CI: confidence interval; RR: risk ratio.

a Sub-analysis restricted to South Africa.

In clinics in South Africa, errors were significantly less frequent for lay health workers than clinicians (9.9% versus 19.8%; P = 0.001). Among laboratory technicians, the association between setting and the frequency of invalid tests differed by country. In the Central African Republic, invalid tests among laboratory technicians were more frequent at the clinic than at the laboratory (22.4% versus 16.3%; P < 0.001), while in the Democratic Republic of the Congo, invalid tests among laboratory technicians were less frequent at the clinic than at the laboratory (13.2% versus 18.7%; P < 0.001). Among lay health workers in Lesotho, Mozambique and South Africa, the association between setting and the frequency of invalid tests differed by country: in South Africa and Lesotho, the frequency of invalid tests was comparable in mobile clinic and fixed clinic settings (9.0% versus 9.9% in South Africa; P = 0.35; and 15.5% versus 16.1% in Lesotho; P = 0.66). However, in Mozambique, the frequency of invalid tests in mobile clinics was considerably lower than in fixed clinics (4.1% versus 13.6%; P < 0.001).

Blood sample type

There were fewer invalid results when capillary blood samples were used (12.0%, versus 14.0% for venous blood samples; P < 0.001). In a subgroup multivariate analysis restricted to South Africa, (the only country in which both sample types were used) this association was strengthened (RR: 0.46; 95% CI: 0.40–0.53).

Discussion

Under routine field conditions, the proportion of invalid CD4+ test results ranged from 5% in India to 24% in Malawi. Previous studies have reported comparable ratios from 5% in Thailand to 19% in South Africa.15,33 In our study, invalid results were slightly more frequent in venous blood samples than capillary blood samples. The use of a pipette to fill the device cartridge may generate air bubbles; since the CD4+ test is based on image detection, the presence of air bubbles may affect the results. To decrease the generation of air bubbles, the manufacturer recommends that capillary tubes instead of pipettes be used to transfer venous blood to the device. Studies in Senegal and Uganda reported more errors using capillary blood specimens (14% and 18%) compared to venous blood specimens (5% and 8%).31,44 However, other studies using venous blood have also found high ratios of invalid results: 10% in Ethiopia, 11% in USA and 15% in South Africa.16,18,45 Some studies have shown an increased variability of Alere Pima CD4+ results when capillary blood is used.20,44,45 However, a recent systematic review and meta-analysis found that capillary blood yielded more accurate results than venous blood.47 The fact that errors were more likely to occur using venous blood in our study may be related to the pipetting skills of laboratory staff. Therefore, training of laboratory staff in pipetting skills is as important as training clinic staff to perform capillary bleeds required for field testing.

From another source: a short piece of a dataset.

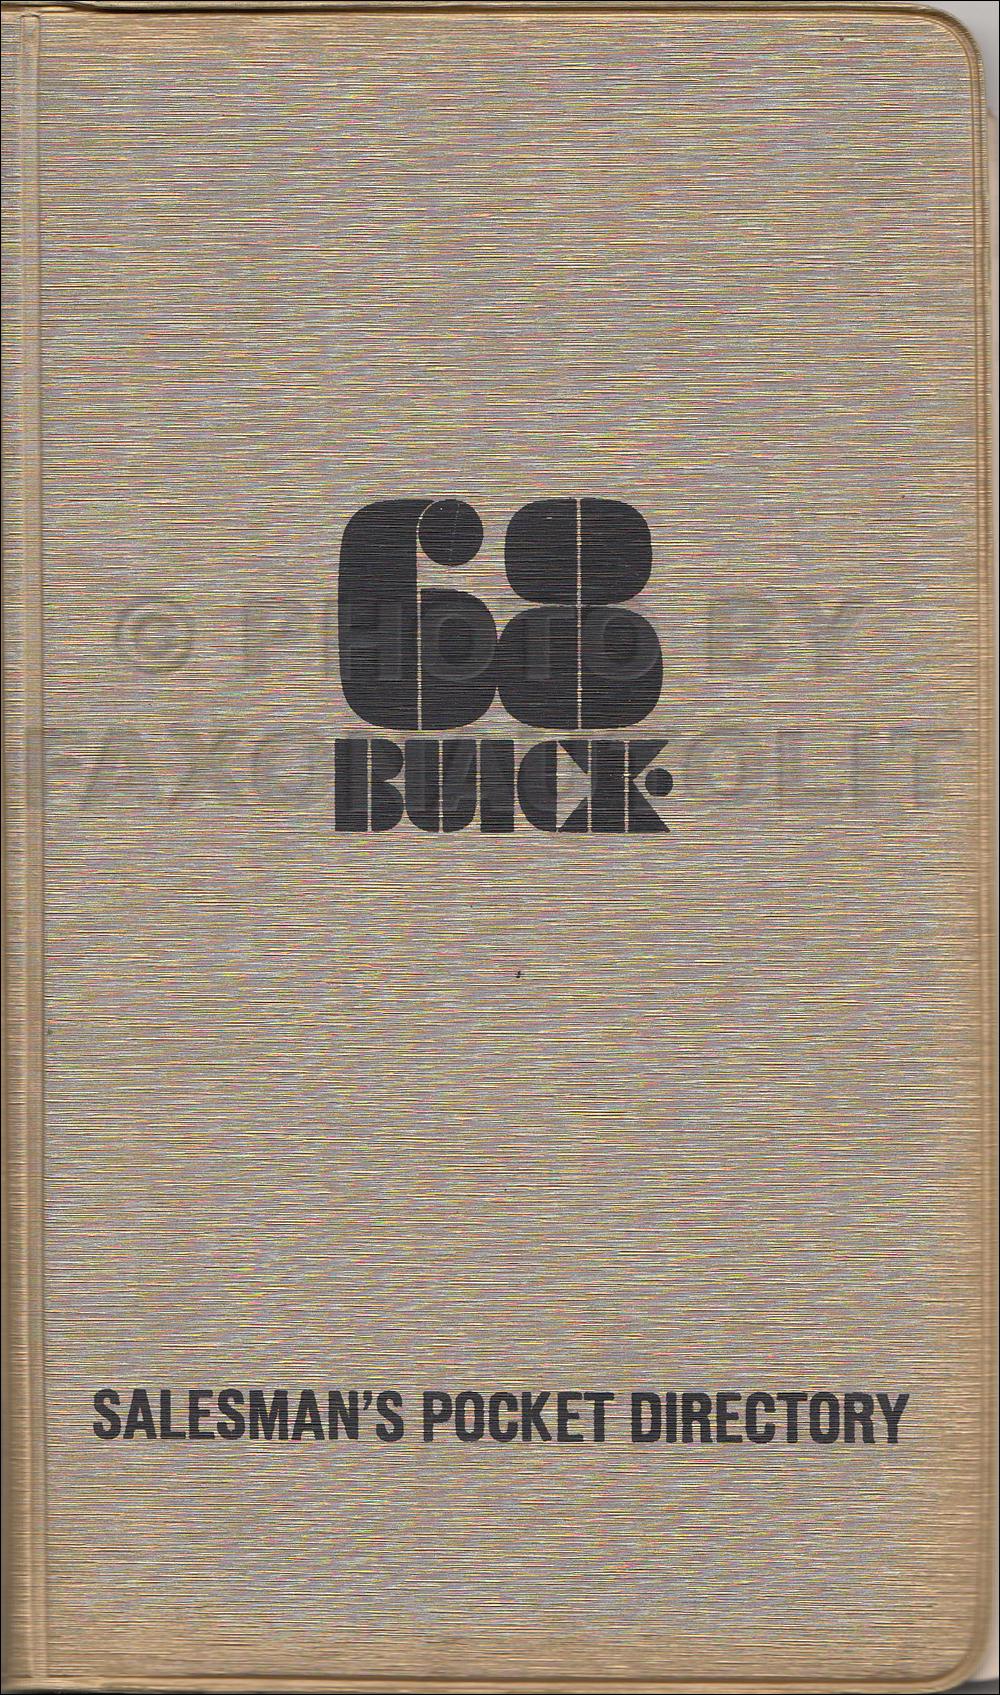 1968 Buick Wiring Diagram Manual Reprint Special  Gran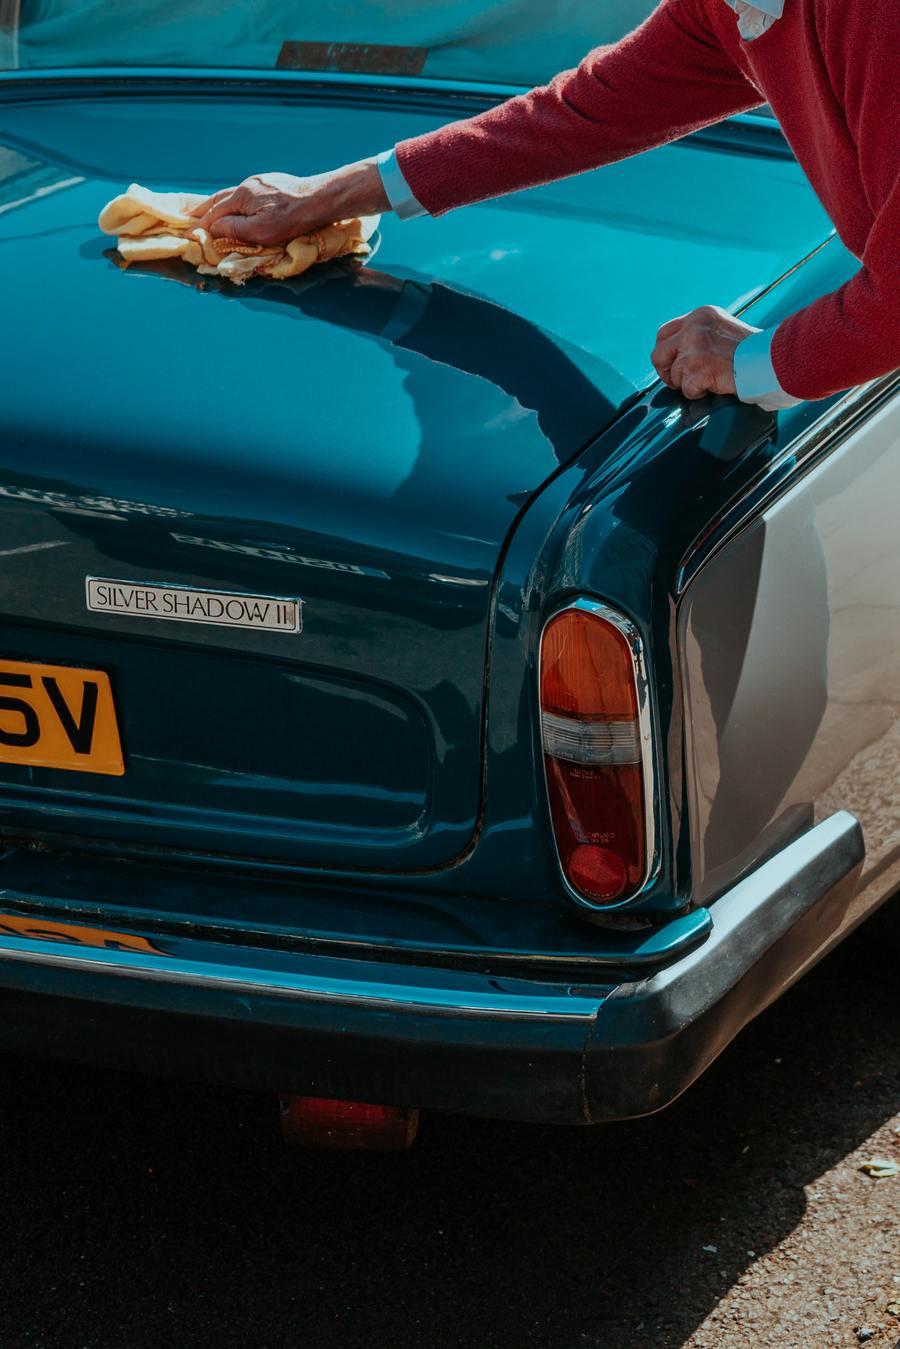 Uma pessoa encerando um carro

The proportion of invalid samples for calibration tests was low (2%); however, in some instances, operators did not know how to interpret the results, so that testing continued despite clear indication of a problem; this calls for retraining. Multiple factors probably contribute to the wide variability of invalid results among countries, sites, devices and operators in our study. We did not find a clear association between the number of operators per device, the type of operator or the setting. Prospective studies under field conditions, specifically designed to evaluate the effect of various factors on the invalid tests are needed.

There were several limitations resulting from the retrospective nature of our study. We could not analyse errors according to cartridge lot number because this information was not contained in the cartridge barcode and sites did not document lot numbers systematically. It proved impossible to identify lot numbers via orders, as they were placed through various procurement centres in Europe as well as purchased from local distributors. We were unable to link results of repeat testing due to errors, so it was not possible to estimate the proportion of valid or invalid results after a second test. During the study period, none of the sites made use of online data systems for the analyser. Remote analysers can be connected to a centralised data warehouse via the internet, which could improve the timeliness of monitoring.

The high proportion of invalid CD4+ test results, necessitating the use of a second cartridge, raises the cost of testing per patient.49 Overall, 3354 tests had to be repeated; at a current price of 6 United States dollars (US$) per test, this translates to a cost of US$ 20 124. Repeat tests take time to process, decrease throughput, and oblige the patient to provide another blood sample if capillary sampling is used.

Training, monitoring, quality assessment and troubleshooting are essential aspects of point-of-care testing.50 It is important that post-market surveillance is done regularly and manufacturers continue to make the necessary improvements to their technologies and to supply service, maintenance and training for the full lifespan of the device.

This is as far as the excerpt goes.